For Charles Siisi, everything he had heard about index testing pointed to the fact that it was not doable and that it was hard to find index clients and not to talk about linking them to care.

“Index testing is not for everyone, it’s not about sexual contacts only, it requires commitment and passion and continuous skills development to succeed” a confident Charles Siisi, Community Liaison Officer at the Centre for Infectious Disease Research in Zambia (CIDRZ) stresses.

CIDRZ through support from the U.S. President’s Emergency Plan for AIDS Relief (PEPFAR) and the Centers for Disease Control and Prevention (CDC), working in close collaboration with the Ministry of Health (MOH), has embarked on accelerating responses towards reaching HIV epidemic control by 2030. Zambia has adopted the 90:90:90 UNAIDS targets to identify 90% of people living with HIV (PLHIV); 90% of PLHIV initiated and retained on antiretroviral therapy (ART)  and 90% of PLHIV becoming virally suppressed.

CIDRZ is implementing various interventions to reach the 90:90:90 targets among them index testing.
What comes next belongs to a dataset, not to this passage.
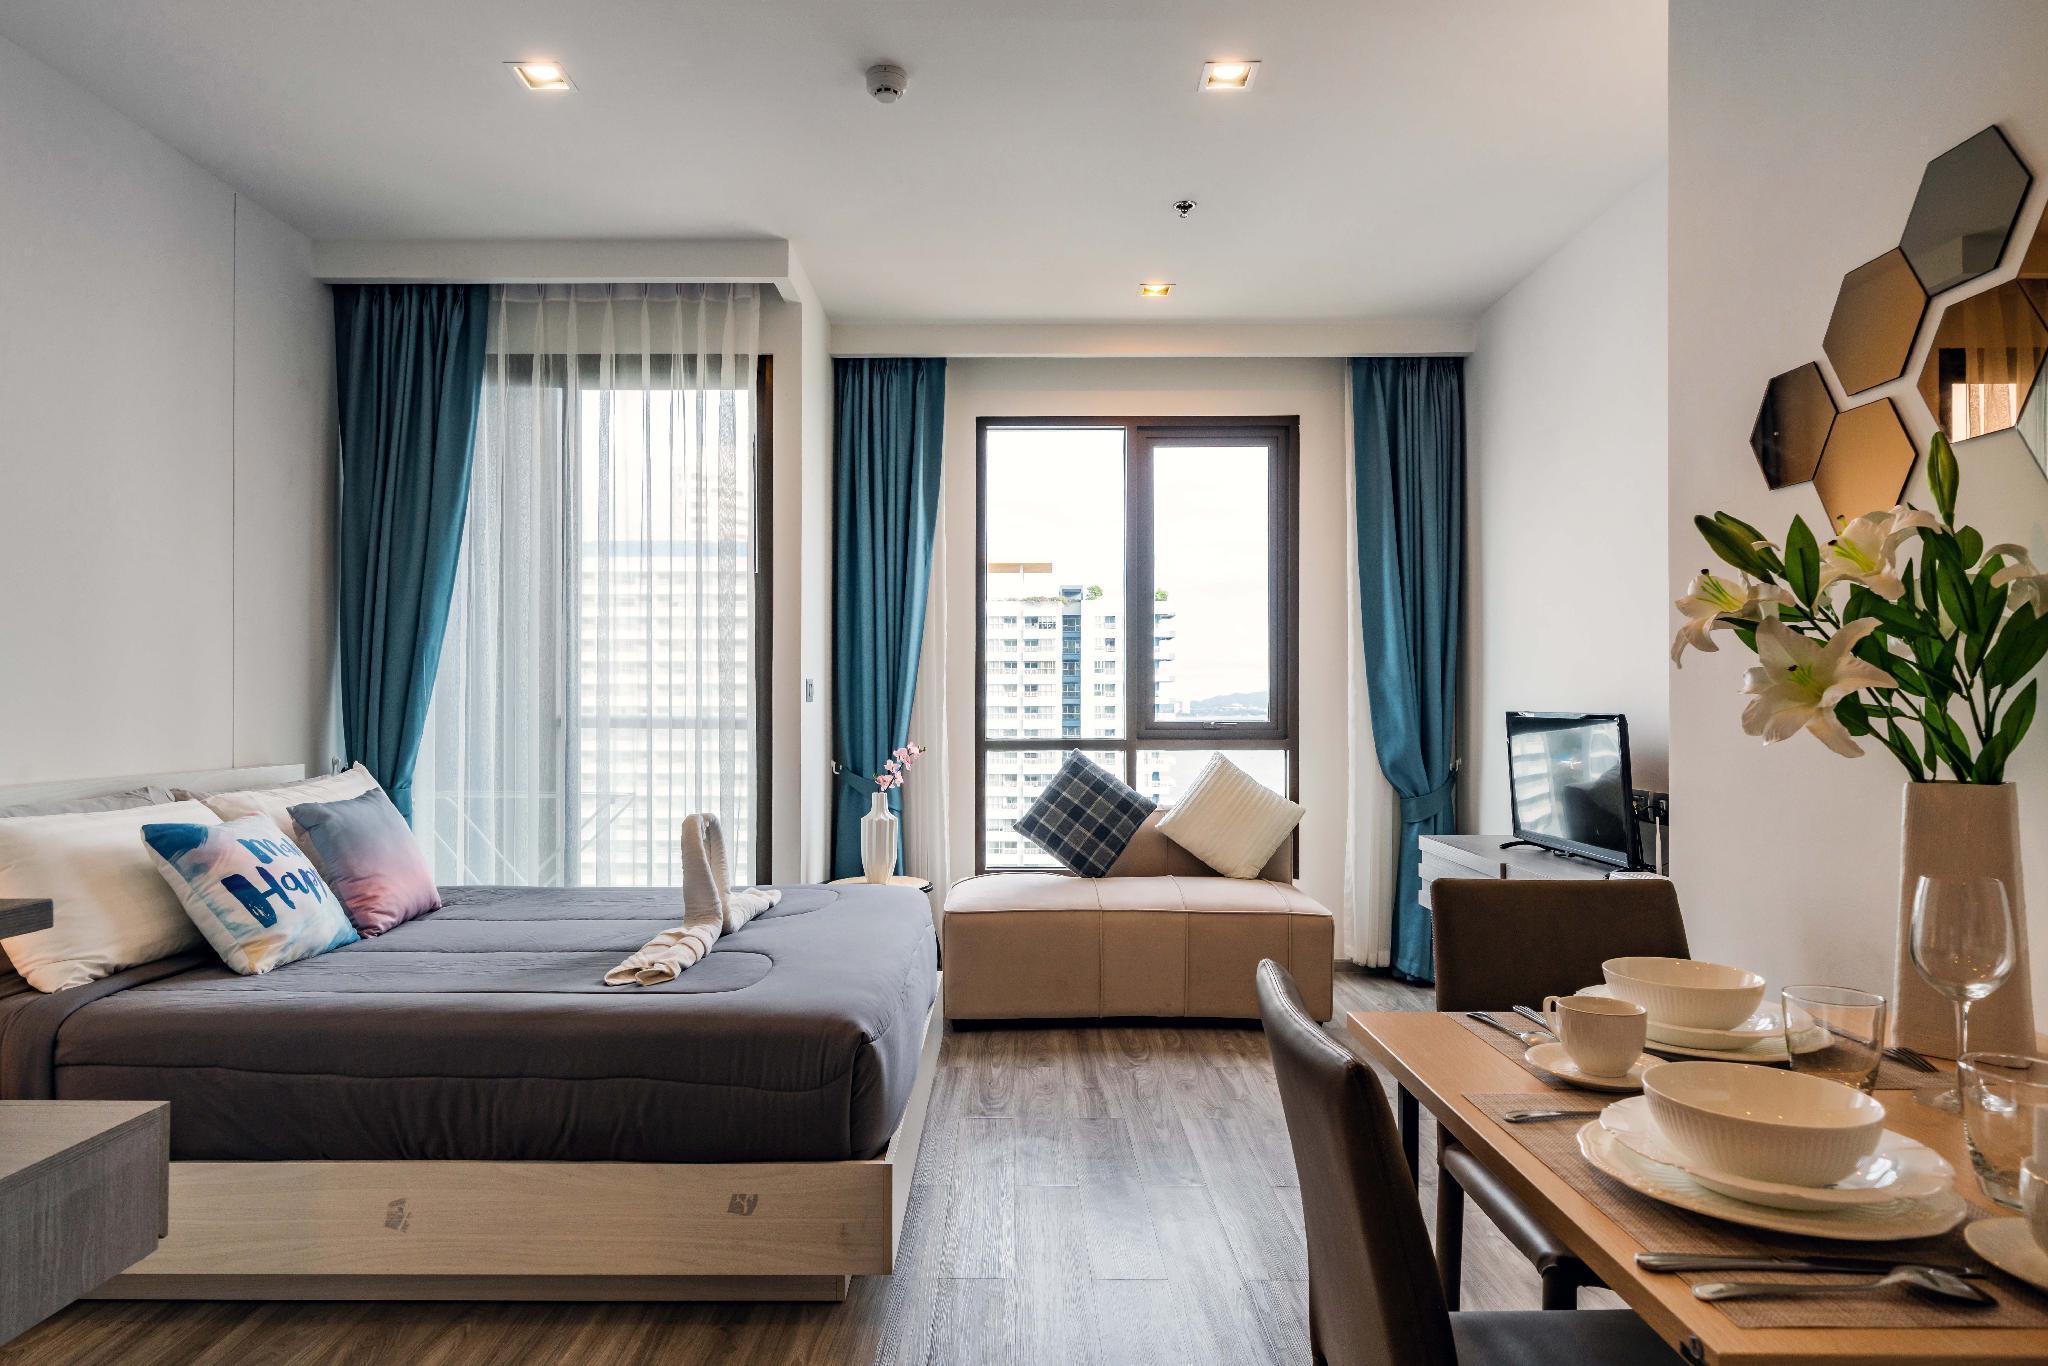 Pattaya Aeras Condo studio room 50 meters to beach อพาร์ตเมนต์ 1 ห้องนอน 1 ห้องน้ำส่วนตัว ขนาด 27 ตร.ม. – หาดจอมเทียน

The goal of index testing is to break the chain of HIV transmission by offering HIV testing services (HTS) to persons who have been exposed to HIV and linking them to: HIV treatment, if positive or prevention services if negative.

Index testing is a voluntary process where counsellors or health care providers ask a newly diagnosed HIV positive client or an HIV positive client already accessing HIV treatment to list all partners who could have been exposed to HIV through them. With consent from the individual who is HIV positive, each listed partner and child is contacted, informed that they have been exposed to HIV, and offered voluntary HIV testing services. Index testing is consensual, confidential, includes counseling, correct test results and connection to treatment or prevention services.

Charles’s Experience

“I endeavor to fulfill the commitments I make to clients such as confidentiality and friendship with them continues even outside the health facility. I visit them whenever I am free or when I am within their neighborhood offering the service to other clients. My sessions are more interactive and done within the client’s environment; all aimed at making the client feel appreciated and valued. If I am visiting them and find them doing their chores, I help them and use the opportunity to talk about HIV/AIDS prevention, testing and care services.

Charles says that when he joined CIDRZ as a Peer Educator, he found it difficult at the beginning to get consent from clients to have their sexual partners contacted. “But through continuous training and mentorship, I learnt new counselling skills and also learnt that being polite, respectful and honest was important when conducting index testing. I learnt that for one to be successful, they had to put their personal desires aside and focus on how they would help clients know their HIV status and encourage them to help their loved ones know their status”.

His strategy

“I visit clients as a friend and not as a health care provider. This helps to win the client’s trust. For example, I use games and real life experiences to get the information I need from them. The aim should be to encourage clients to have those they feel could have been exposed to HIV to be tested and also ensure that they (clients) remain on antiretroviral therapy (ART). I don’t focus on sexual and biological contacts only, but I also work with clients who could have been exposed through other means of transmission other than sexual contact”.

His Passion for Work

“I was fully aware of the challenges that index testing had to offer and I had to prepare myself adequately both mentally and physically, many clients live in places of about 5-8 hours walking distances but I never get deterred from going to offer them a service. Tracing contacts is a challenge but I use weekend outreach activities, public holidays and public gatherings to trace index clients as well as offer testing services to new clients”.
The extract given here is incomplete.